CPatchBLS achieves ROC-AUC ≈ 99.81%, PR-AUC ≈ 98.25%, PA-F1 ≈ 96.87%, with training/inference times $\ll$ deep models (Li et al., 2024).
MOMEMTO as a single cross-domain model achieves higher AUC-PR and VUS-PR than MOMENT and classic tree-based models, especially in few-shot settings (Yoon et al., 23 Sep 2025).

Efficiency gains stem from compact encoder design (CNN, BLS, MLP-Mixer), parallelizable patchwise inference, memory reduction techniques, and avoidance of heavy autoregressive or full-sequence modules.

6. Model Variants and Extensions

Patch-based representation learning for time-series anomaly detection encompasses a family of adaptable frameworks:

Memory-Augmented Patch Encoders: Incorporation of explicit memory banks (MOMEMTO, PaAno, TriP-LLM) enhances robustness to over-generalization and allows domain-agnostic representation sharing (Yoon et al., 23 Sep 2025, Park et al., 1 Feb 2026, Yu et al., 31 Jul 2025).
Multi-scale and Multi-view Integration: Simultaneous encoding at multiple patch lengths (PatchAD, CPatchBLS, TransDe) or with multiple architectural paths (TriP-LLM: patch, selection, global branches) increases sensitivity to anomalies at different scales and types (Zhong et al., 2024, Li et al., 2024, Zhang et al., 19 Apr 2025, Yu et al., 31 Jul 2025).
Contrastive Objectives beyond Reconstruction: Asymmetric and symmetric KL, InfoNCE, dynamic hypersphere contrast, or dual-branch discrepancy serve as core principles for calibrating the latent space, often yielding higher anomaly discrimination than pure reconstruction (Carmona et al., 2021, Zhang et al., 19 Apr 2025, Zhong et al., 2024).
Integration with Foundation/LLM Models: Feeding patch tokens into frozen LLM or TFM backbones (TriP-LLM, MOMEMTO) preserves pretraining capacity and reduces downstream finetuning cost, and architectural innovations (e.g., gate fusion, decoder heads) are optimized for resource and performance constraints (Yu et al., 31 Jul 2025, Yoon et al., 23 Sep 2025).

7. Current Trends, Limitations, and Research Directions

Patch-based TSAD has matured into a paradigm balancing local context modeling with high-throughput inference.

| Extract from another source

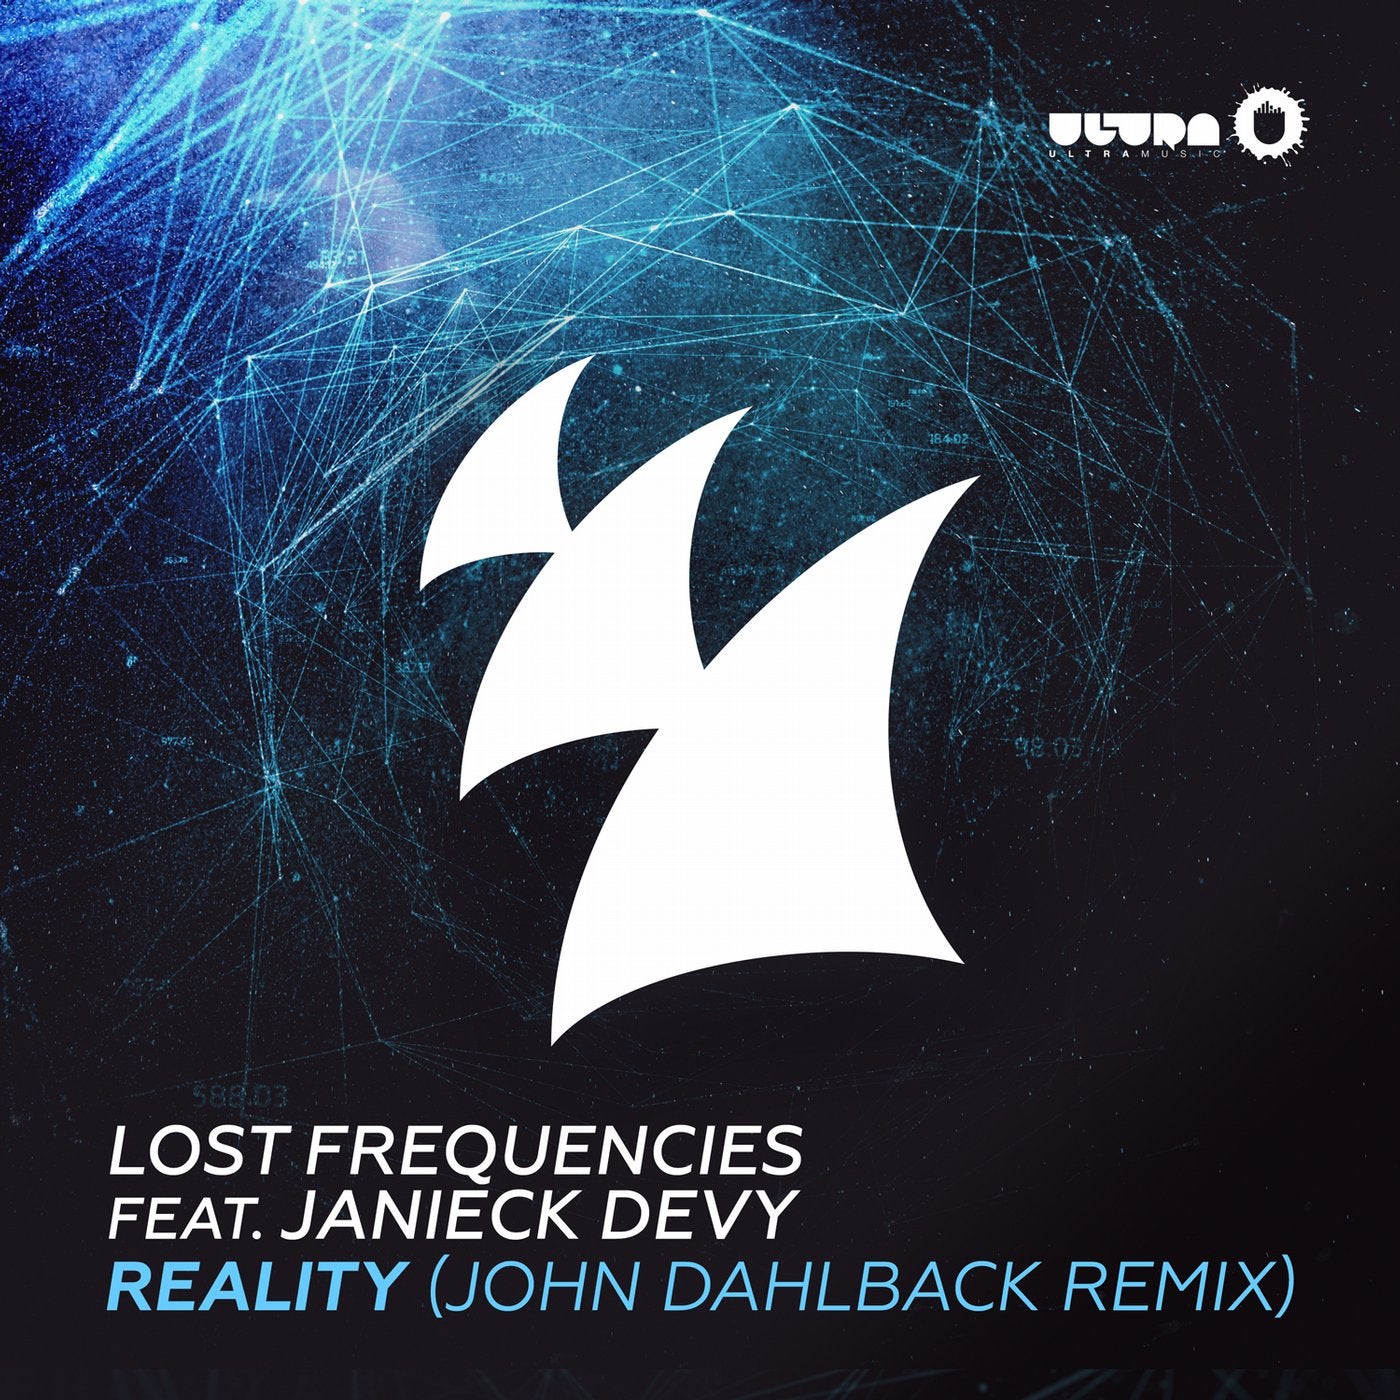 Reality - John Dahlback Remix

Ongoing challenges and themes include:

Scaling to ultra-long and high-dimensional series, which can cause combinatorial growth in patch count and memory usage; remedies include smarter patch selection, coreset memory banks, and fused branch aggregation (Park et al., 1 Feb 2026, Yu et al., 31 Jul 2025).
Avoiding over-generalization, especially in large foundation models; memory regularization, prototype gating, and contrastive calibration are prominent countermeasures (Yoon et al., 23 Sep 2025).
Unifying semi-supervised and unsupervised anomaly detection within patch-based frameworks, with variants such as contextual anomaly injection and hypersphere classifiers bridging the gap (Carmona et al., 2021).
Exploiting multi-domain and transfer learning capacity by joint patch-memory modules across related time series domains (Yoon et al., 23 Sep 2025).
Moving beyond MSE-based losses toward adaptive contrastive and discrepancy-based objectives to prioritize representational discriminableness over pure fidelity (Zhang et al., 19 Apr 2025, Zhong et al., 2024).

Theoretical analysis of patch receptive field, inductive bias, and statistical power remains open for further research. Practical deployment will benefit from continued integration with efficient foundation model backbones and from architectures explicitly optimized for resource constraints.